Leaving the pictures aside, restate all of the data exactly.

> **Data shown**:
>>>

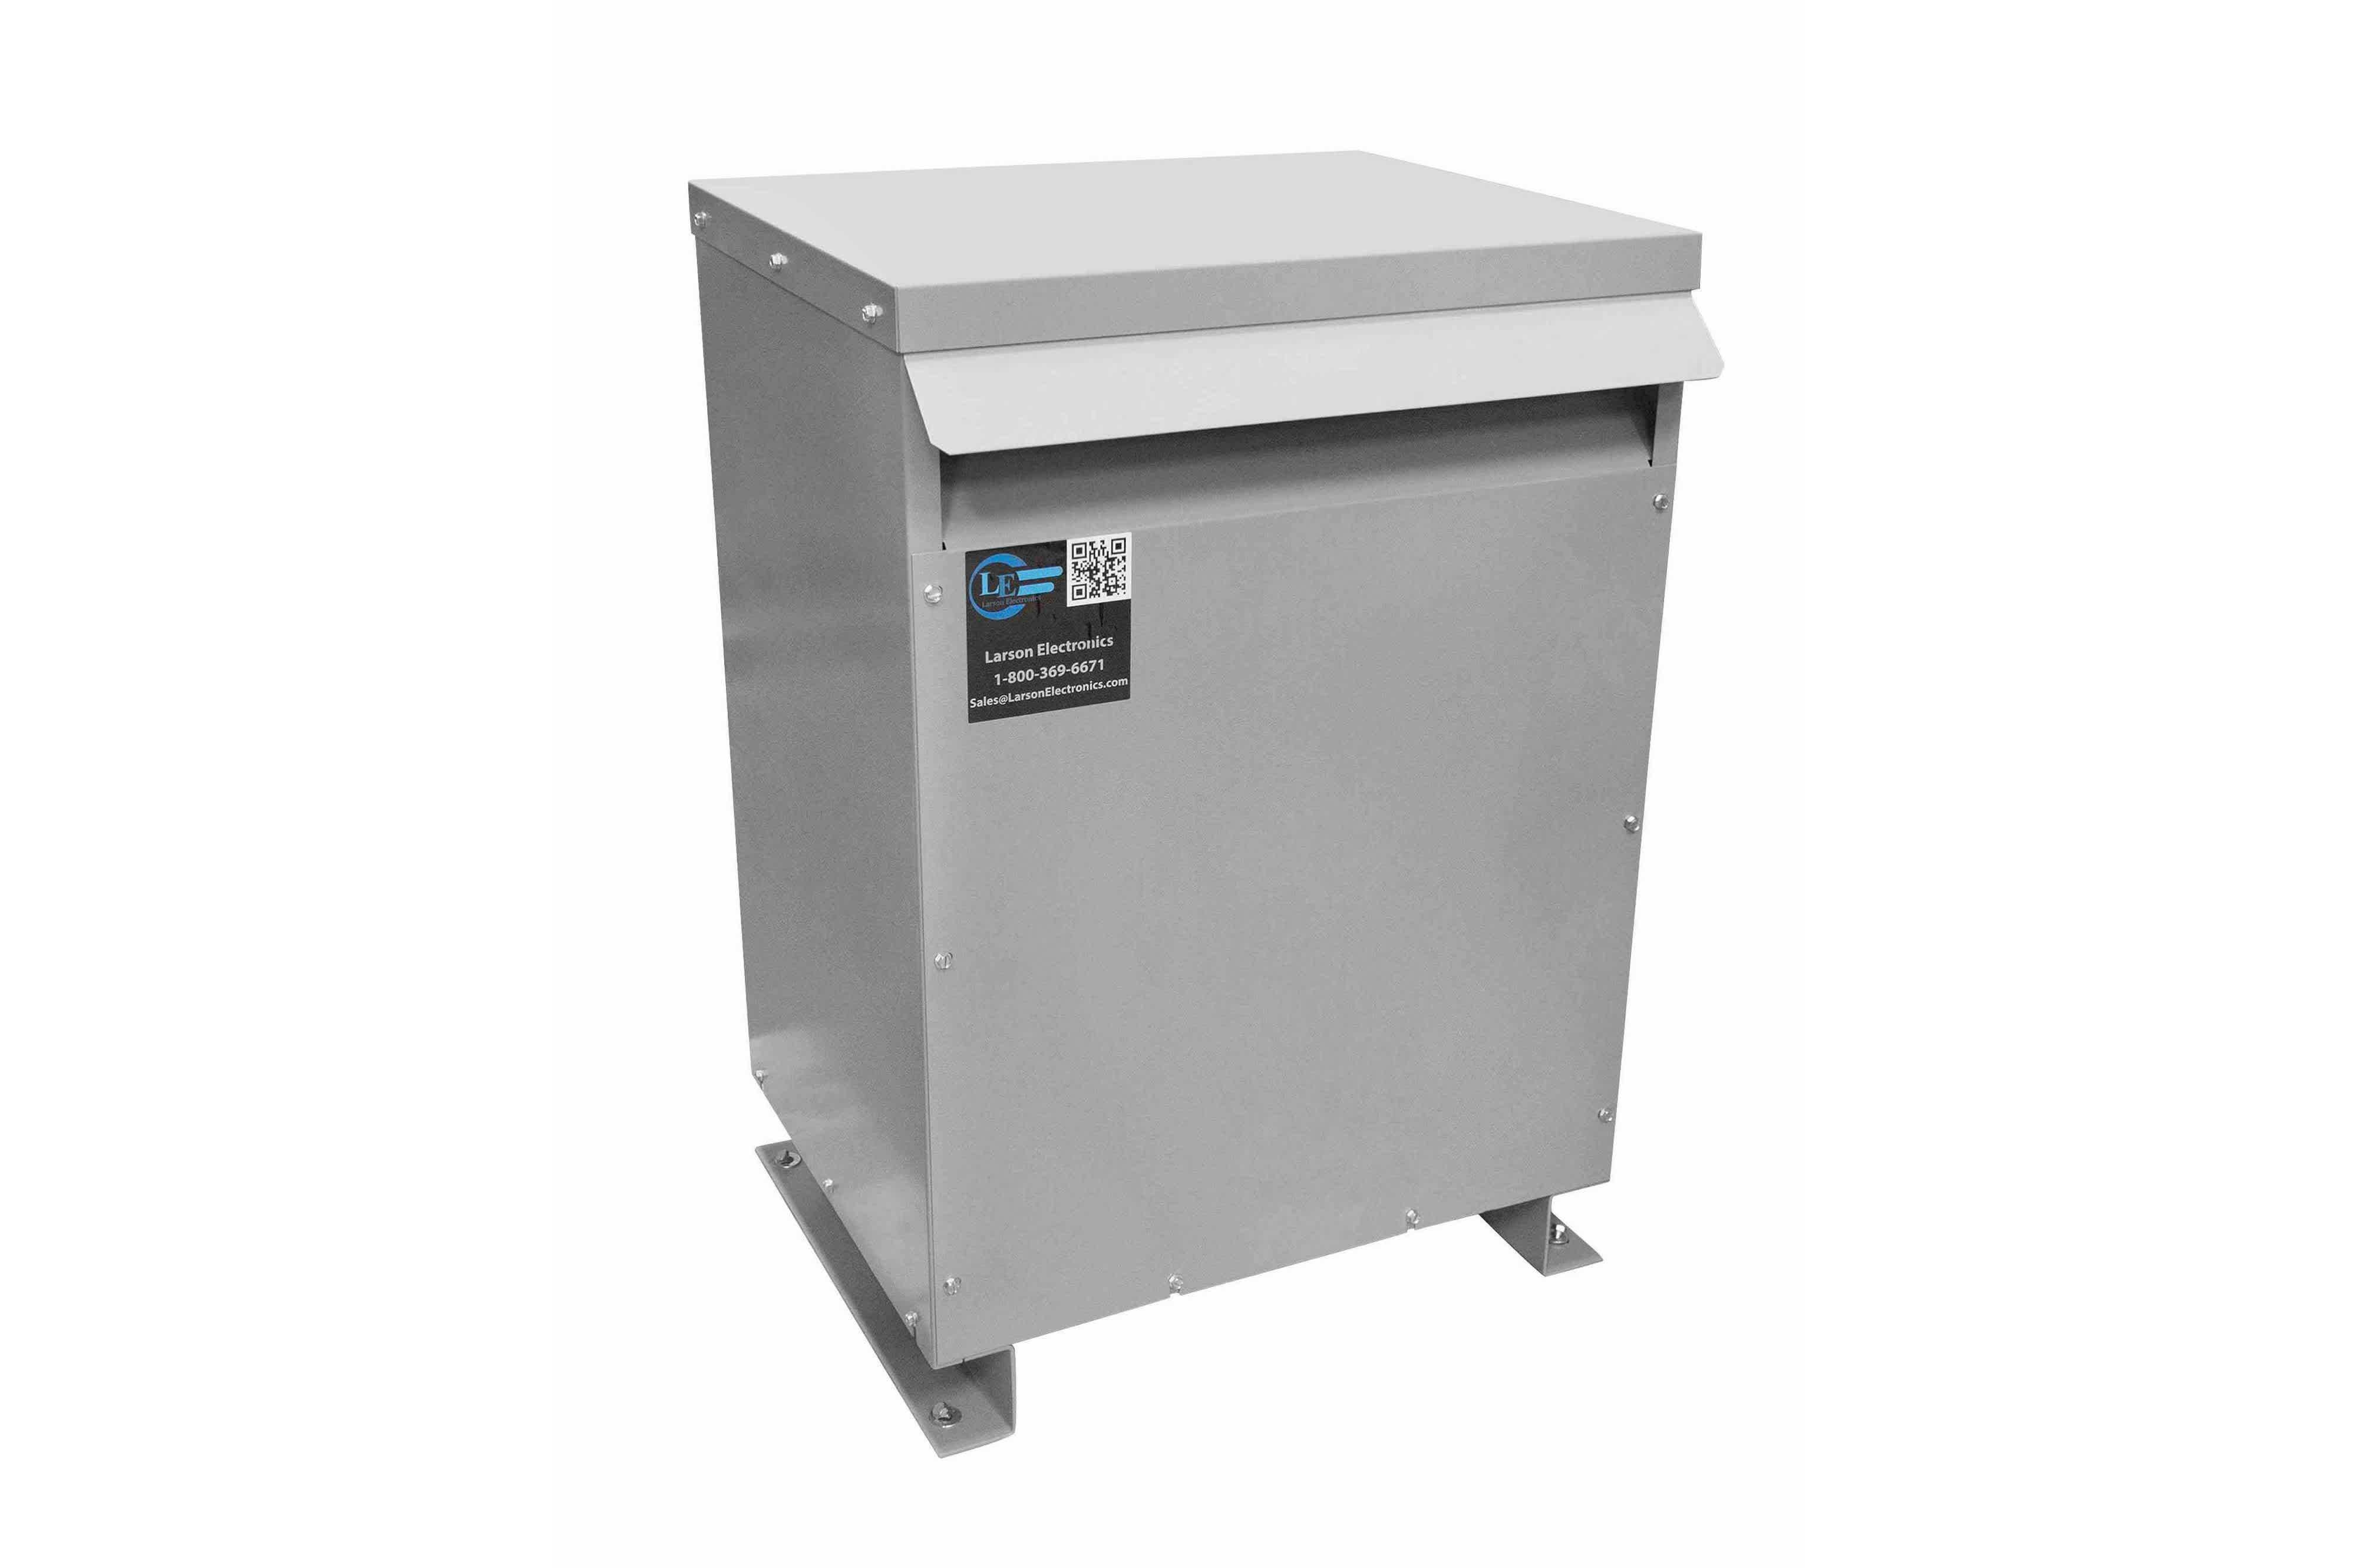 115 kVA 3PH Isolation Transformer, 400V Wye Primary, 600Y/347 Wye-N Secondary, N3R, Ventilated, 60 Hz
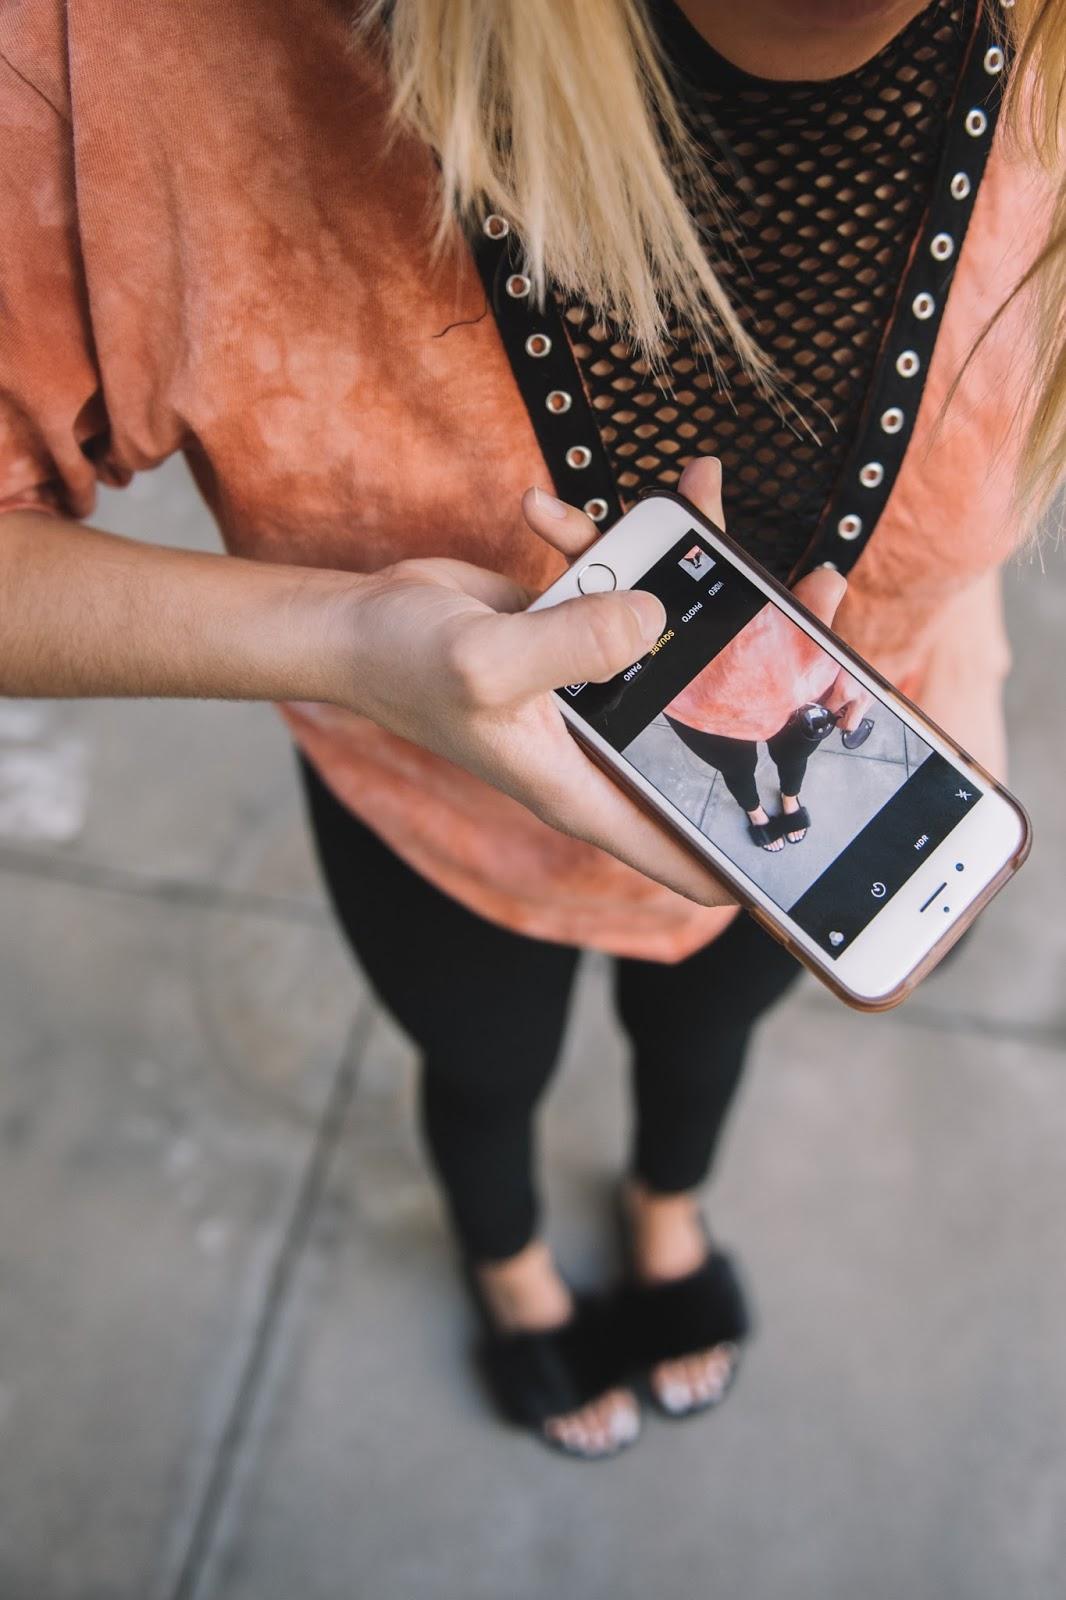 Urban Outfitters Fur Slides - @ taylorwinkelmeyer
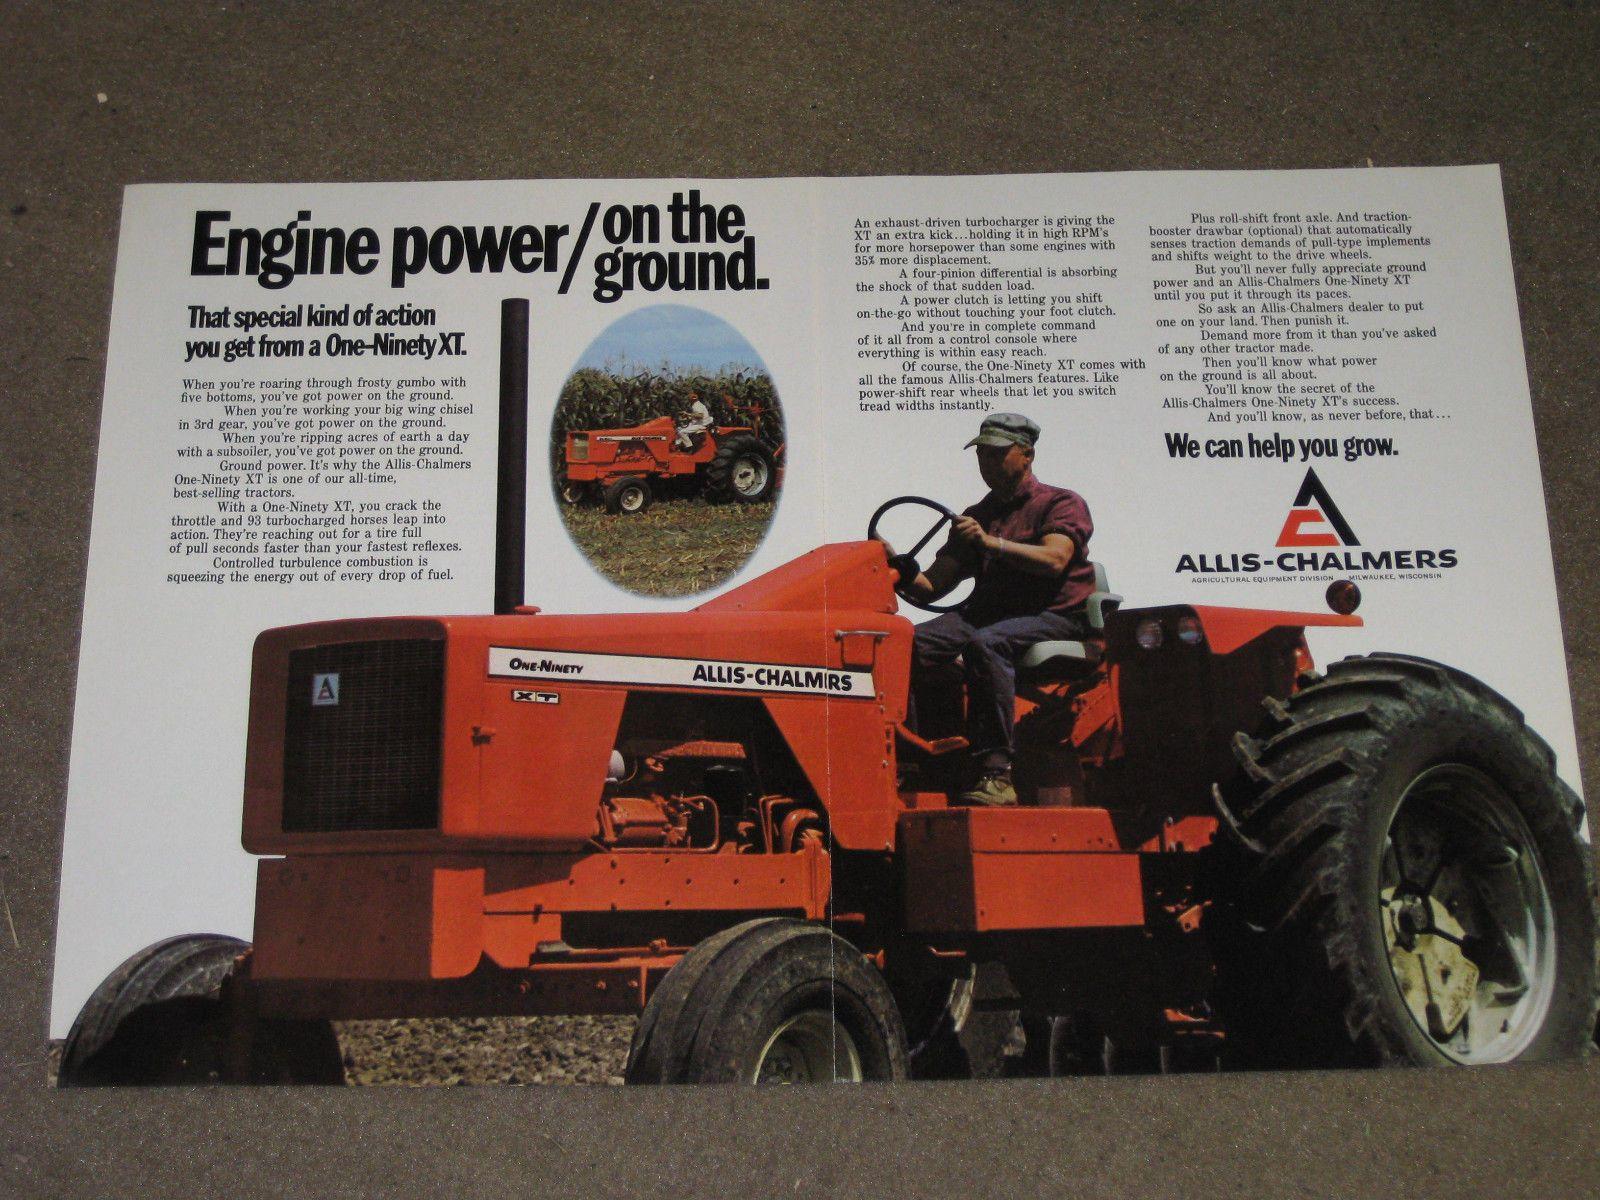 1972 Allis Chalmers 190 XT Tractor Ad   eBay   Allis ...

<<<

> **Result for this task**:
 115 kVA 3PH Isolation Transformer, 400V Wye Primary, 600Y/347 Wye-N Secondary, N3R, Ventilated, 60 Hz
 Urban Outfitters Fur Slides - @ taylorwinkelmeyer
 1972 Allis Chalmers 190 XT Tractor Ad   eBay   Allis ...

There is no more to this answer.